Gouraud shading is a method for making a surface built from flat polygons look smooth. Rather than giving each polygon a single uniform brightness, which makes a curved object look faceted, it computes a light intensity at each polygon vertex and then linearly interpolates those intensities across the interior of the polygon. The result is a continuous gradient of shading that hides the polygon boundaries and approximates the appearance of a smooth curved surface.

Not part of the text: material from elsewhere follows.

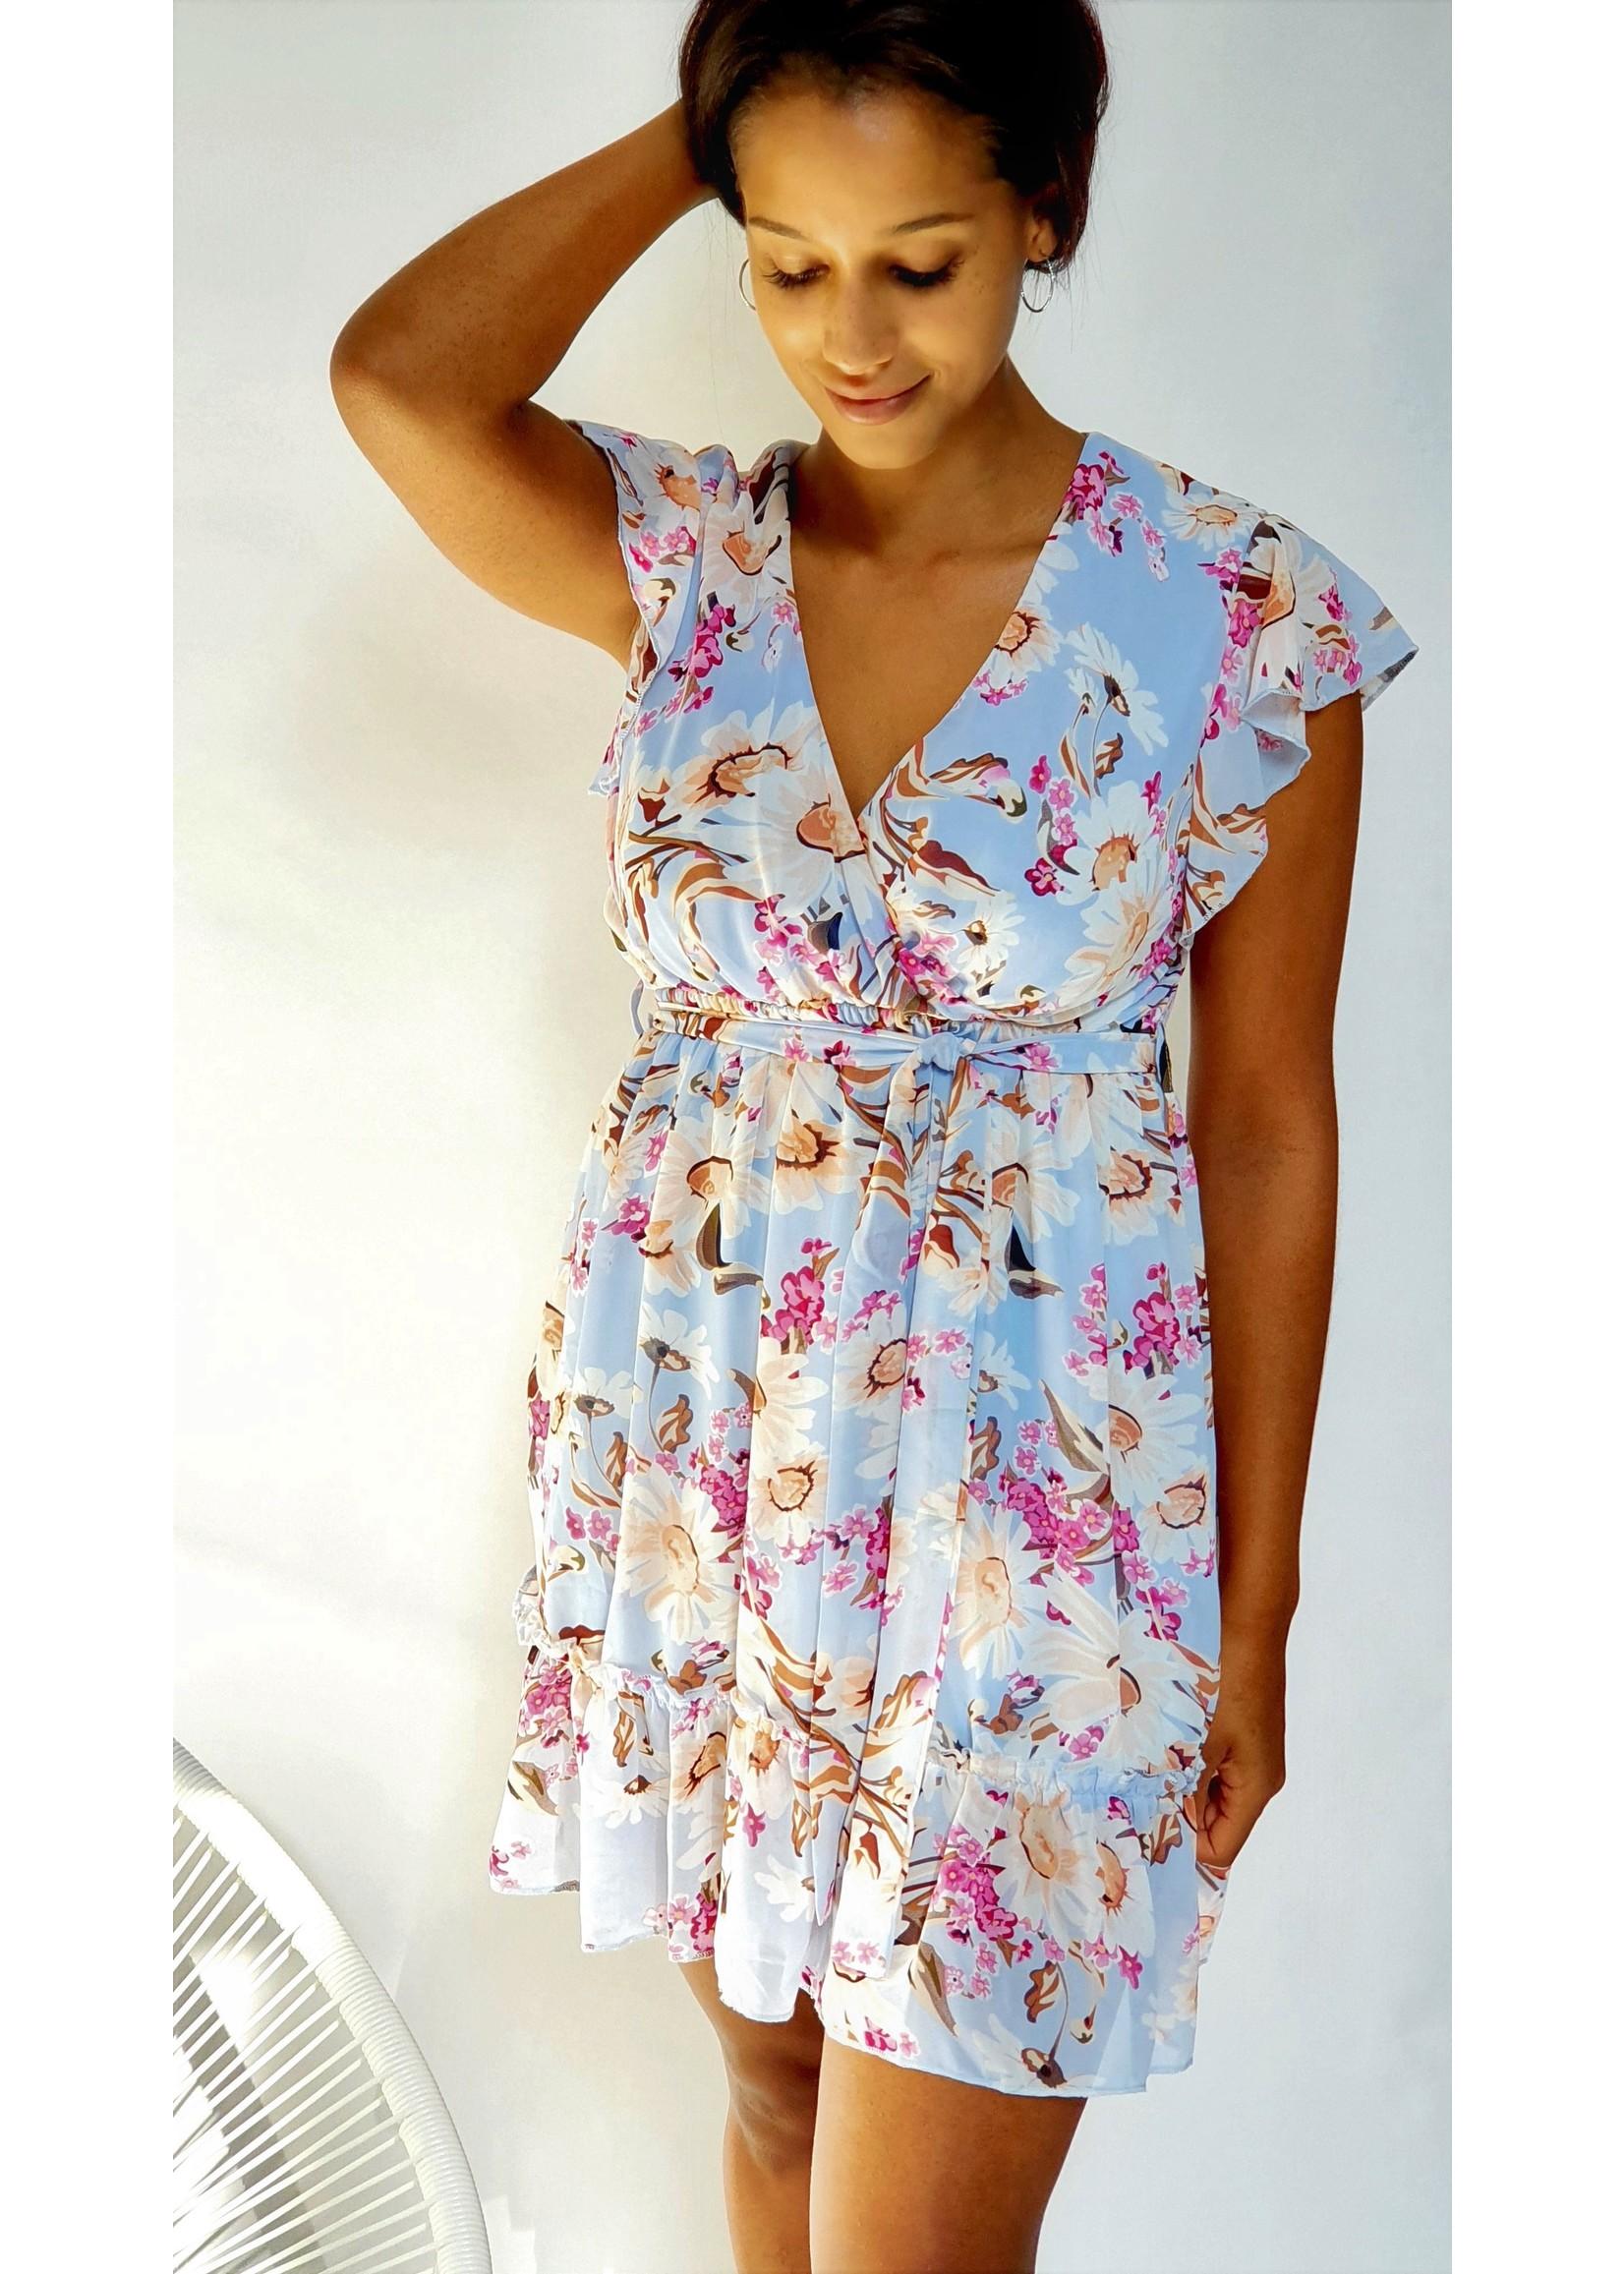 Thé shiny flower dress

The technique was introduced by Henri Gouraud in “Continuous Shading of Curved Surfaces,” published in IEEE Transactions on Computers, volume C-20, number 6, pages 623 to 629, in June 1971 (DOI 10.1109/T-C.1971.223313), based on his University of Utah doctoral work. Gouraud’s insight was to attach a surface normal to each vertex, averaged from the normals of the polygons that meet there, and to evaluate the lighting once per vertex. The interpolation that fills in the rest is cheap, which mattered greatly given the limited computing power of the time.
The economy of the method is its lasting virtue. Because the expensive lighting calculation happens only at vertices and the per-pixel work is a simple linear interpolation, Gouraud shading is fast enough for interactive and real-time rendering. It became a standard feature of graphics hardware and was the default smooth-shading model in early 3D APIs and game consoles. The same interpolation machinery that smooths intensity is also used to interpolate colors and texture coordinates across polygons.

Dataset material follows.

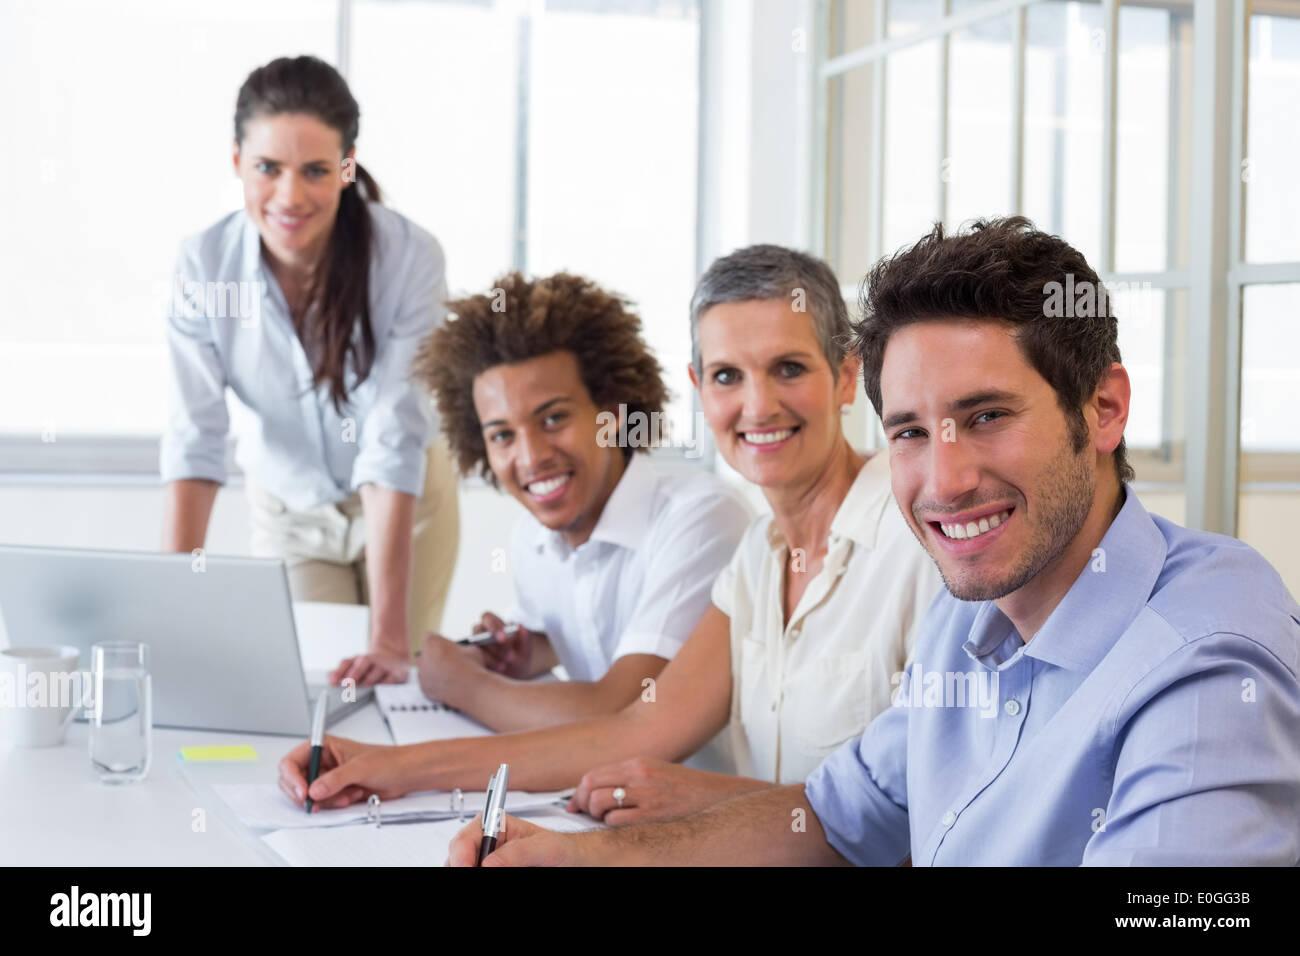 Casual staff smiling at camera - Stock Image

Gouraud shading does have known limitations. Because specular highlights are only sampled at vertices, a bright highlight that falls in the middle of a large polygon can be missed or smeared, and the interpolation can produce visible artifacts along edges. Bui Tuong Phong’s later work addressed these by interpolating the surface normals themselves rather than the final intensities. Even so, Gouraud’s vertex-interpolation idea remains a cornerstone of the rendering pipeline.